La Nueva Objetividad, conocida en alemán como Neue Sachlichkeit, surgió como un importante movimiento artístico alemán en la década de 1920, principalmente como una contrarreacción al expresionismo. Gustav Friedrich Hartlaub, director de la Kunsthalle de Mannheim, acuñó el término y lo utilizó como título para una exposición de arte de 1925 diseñada para presentar artistas que operaban dentro de un marco postexpresionista. Al mismo tiempo, destacados intelectuales de Weimar abogaron por la colaboración pública, el compromiso y el rechazo del idealismo romántico, alineándose con los artistas (incluidos Max Beckmann, Otto Dix, Adolf Dietrich, George Grosz, Christian Schad, Rudolf Schlichter, Georg Scholz y Jeanne Mammen) que evitaron el enfoque introspectivo y las aspiraciones románticas de los expresionistas.
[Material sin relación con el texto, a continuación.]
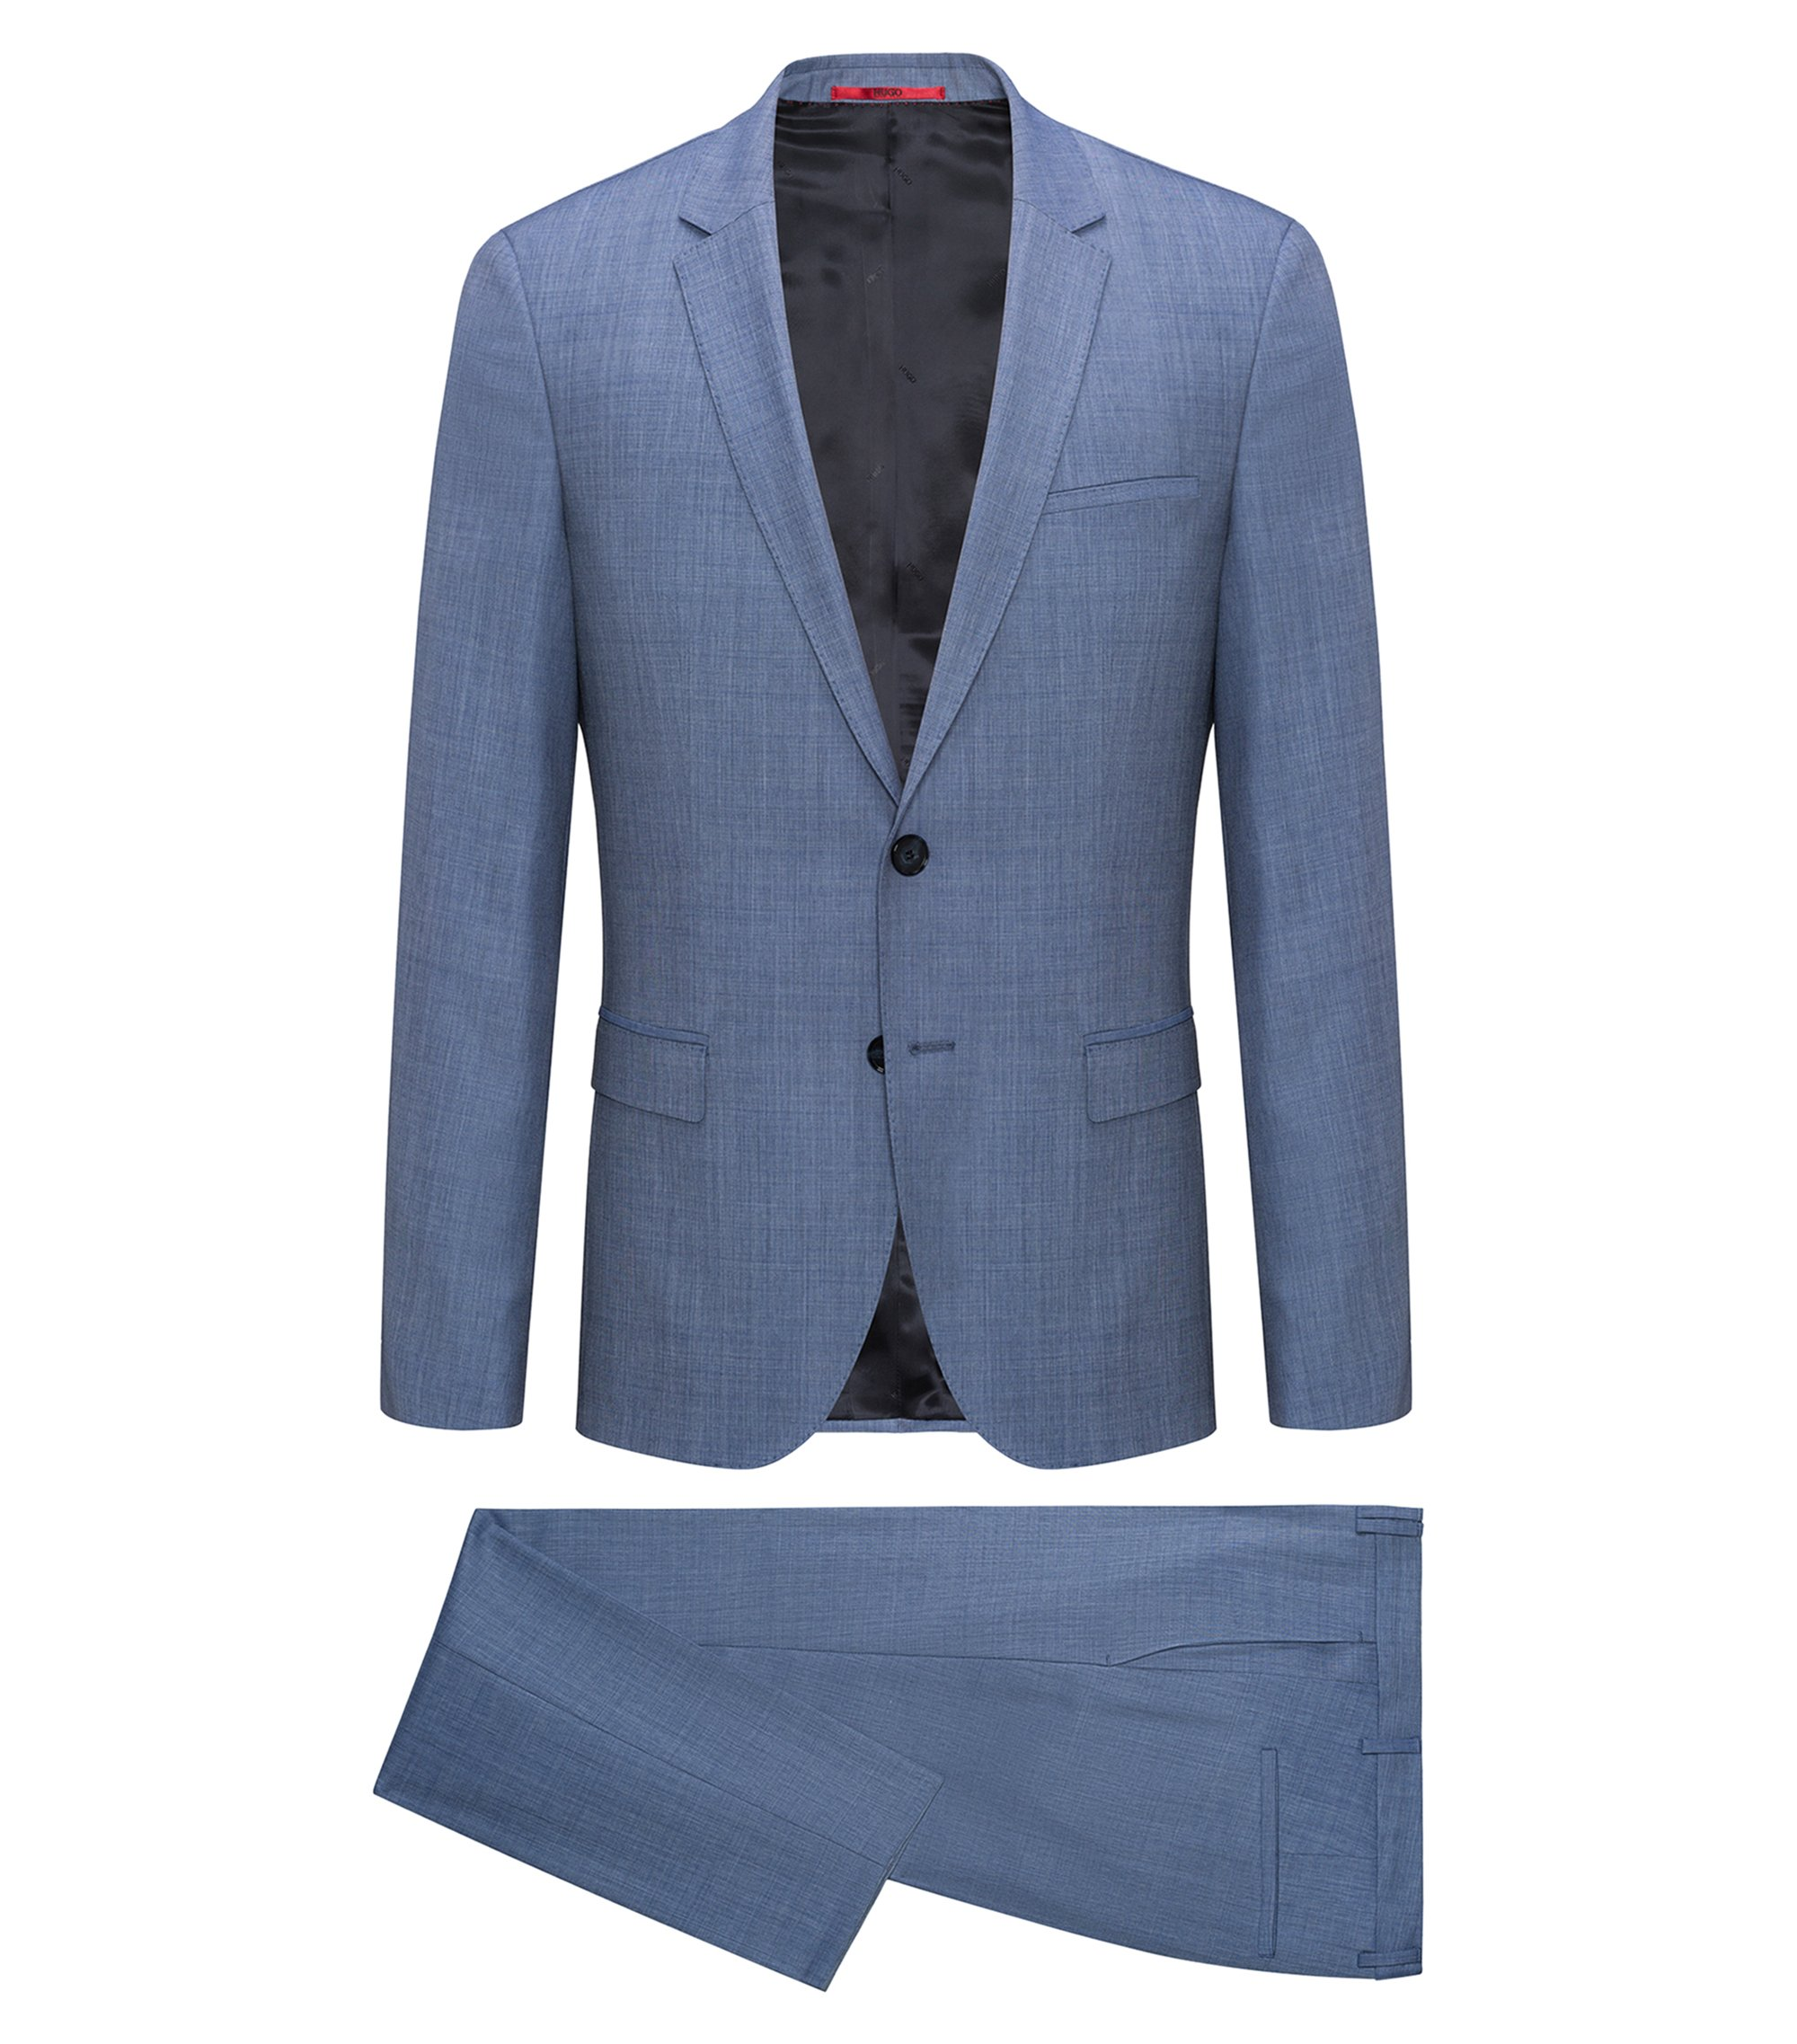 Extra-slim-fit suit in melange virgin wool twill, Turquoise

La Nueva Objetividad (en alemán: Neue Sachlichkeit) fue un movimiento del arte alemán que surgió durante la década de 1920 como reacción contra el expresionismo. El término fue acuñado por Gustav Friedrich Hartlaub, director de la Kunsthalle de Mannheim, quien lo utilizó como título de una exposición de arte organizada en 1925 para mostrar a los artistas que trabajaban con un espíritu postexpresionista. Como estos artistas, entre los que se encontraban Max Beckmann, Otto Dix, Adolf Dietrich, George Grosz, Christian Schad, Rudolf Schlichter, Georg Scholz y Jeanne Mammen, rechazaron la implicación personal y los anhelos románticos de los expresionistas, los intelectuales de Weimar en general hicieron un llamado a las armas para la colaboración pública, el compromiso y el rechazo del idealismo romántico.
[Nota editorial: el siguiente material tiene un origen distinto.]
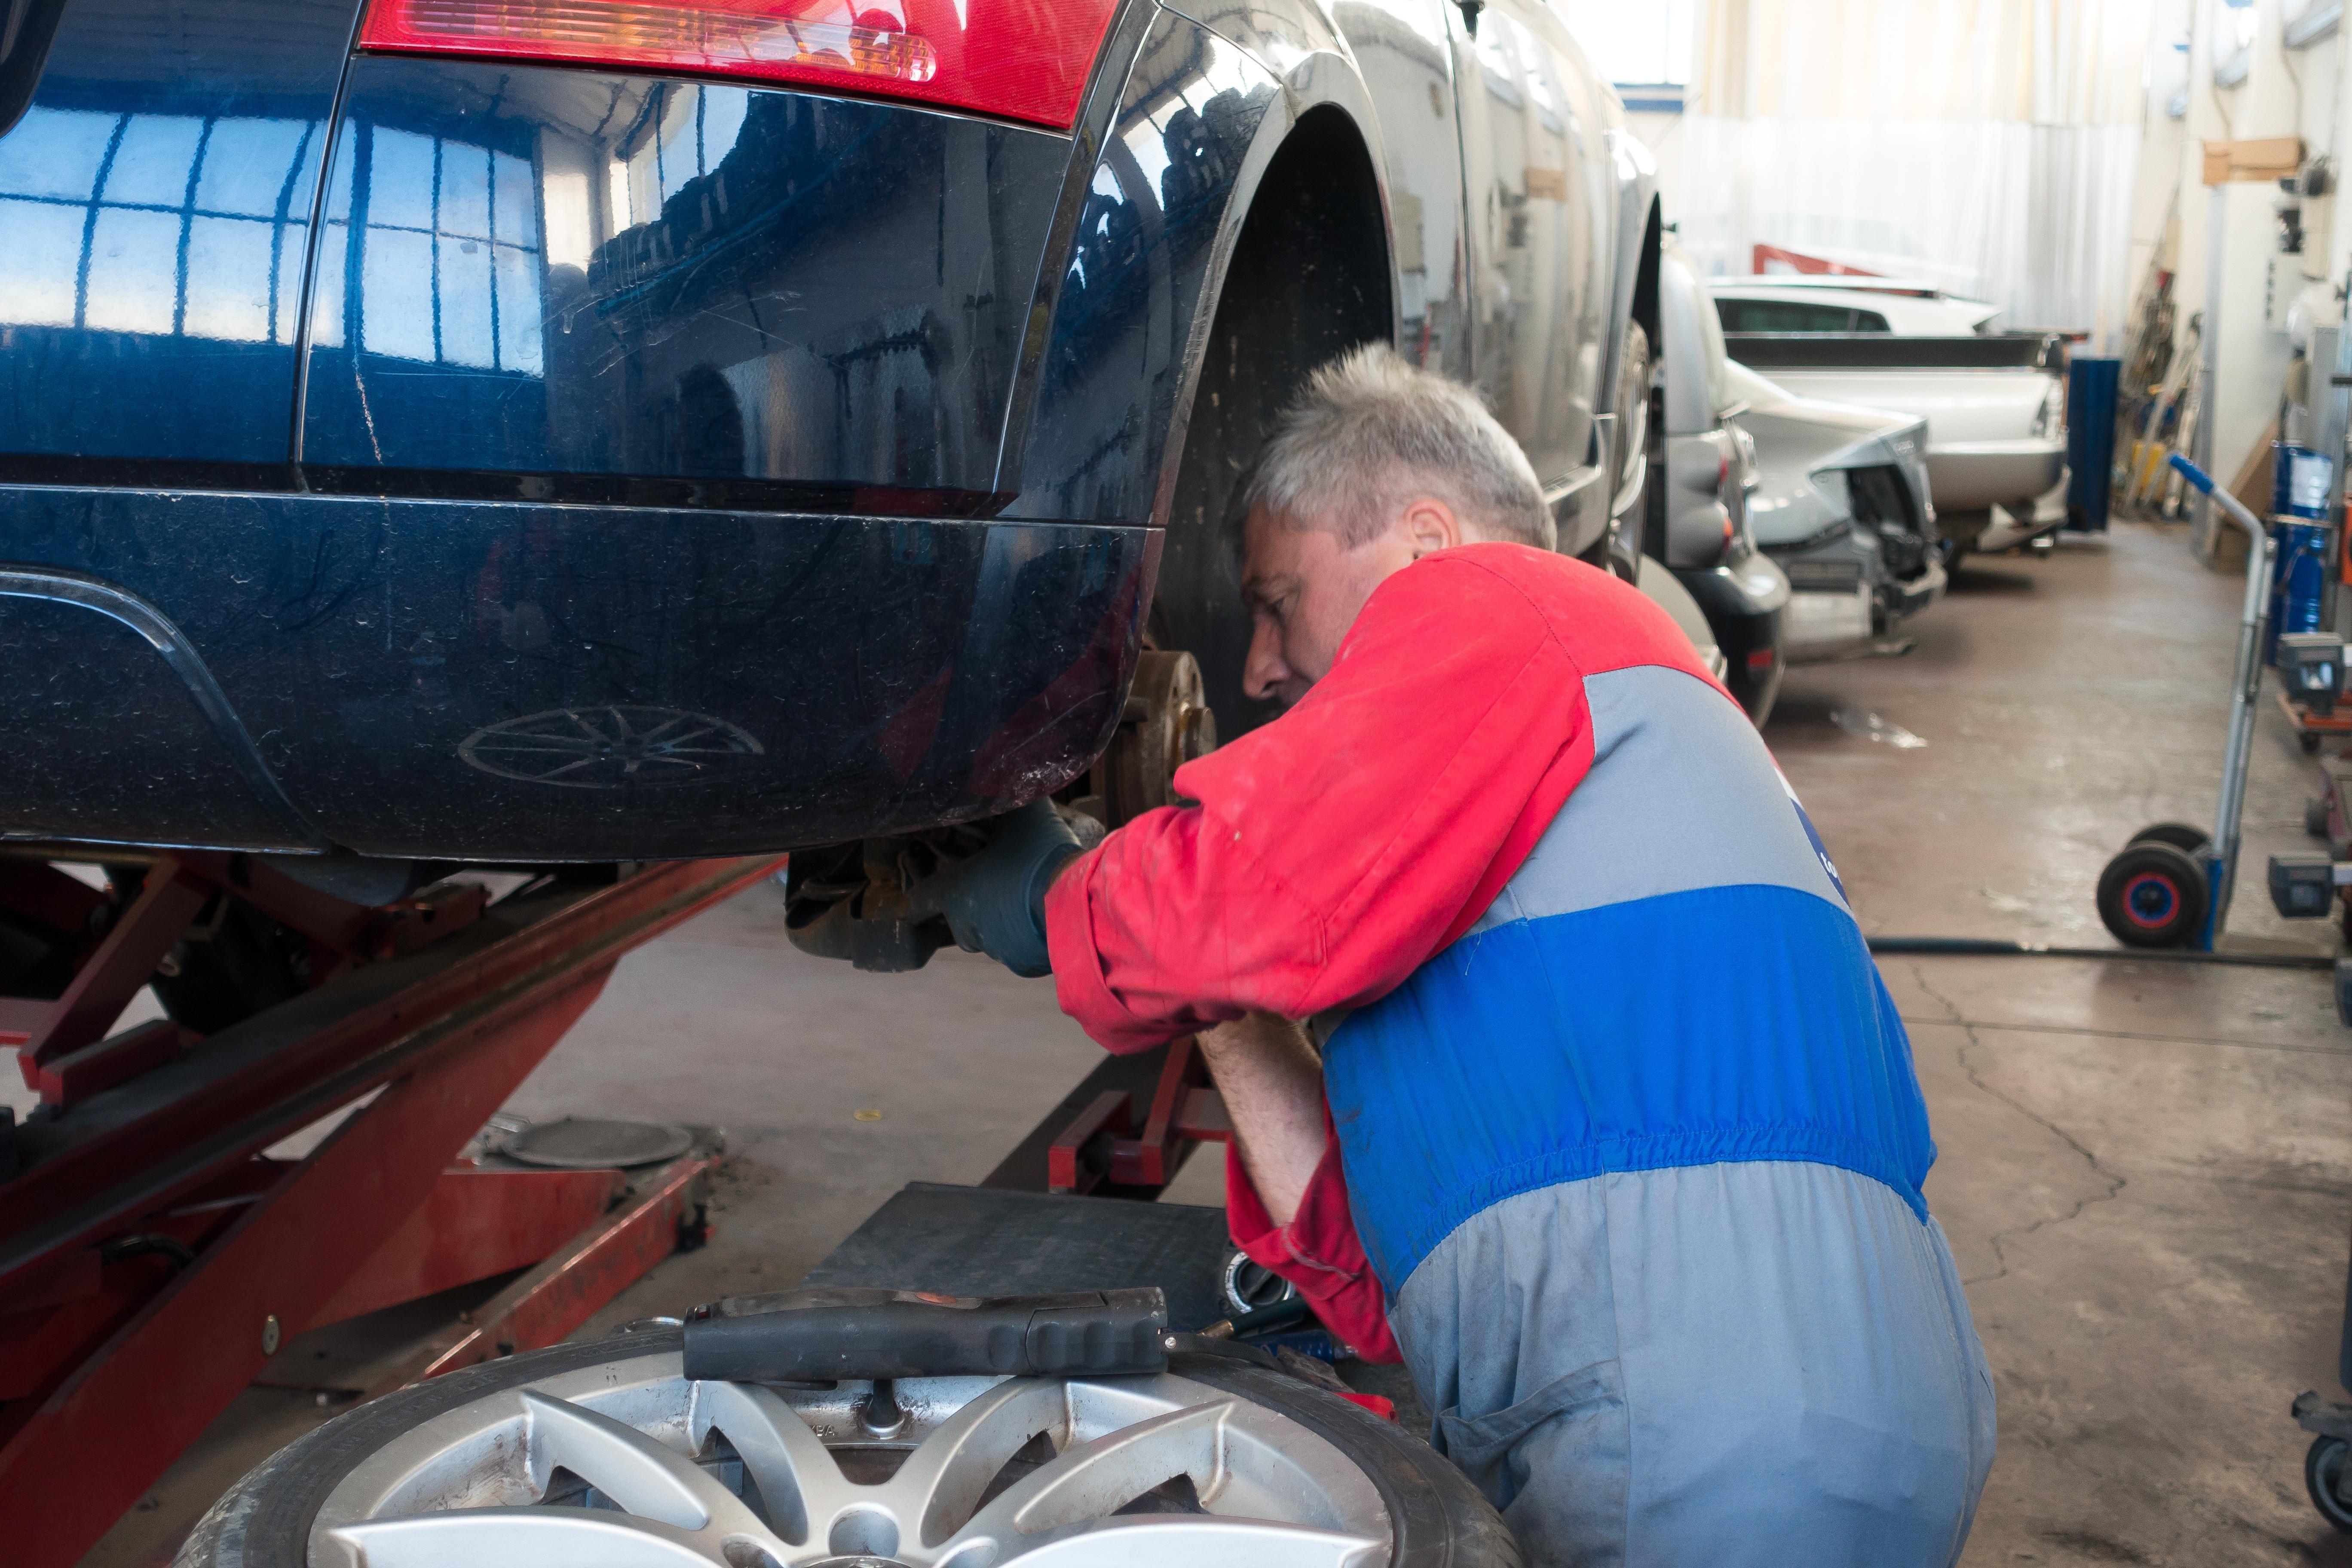 Free Images Wheel Workshop Vehicle Professional Help Lift

Si bien inicialmente delineó una tendencia predominantemente dentro de la pintura alemana, el término trascendió su alcance original y posteriormente se definió. el espíritu predominante de la vida pública en la Alemania de Weimar, junto con el arte, la literatura, la música y la arquitectura desarrollados en respuesta a este cambio. Este concepto no significaba una búsqueda de objetividad filosófica; más bien, denotó un cambio hacia un compromiso pragmático con el mundo, que encarnaba un enfoque utilitario que los alemanes percibían como inherentemente estadounidense.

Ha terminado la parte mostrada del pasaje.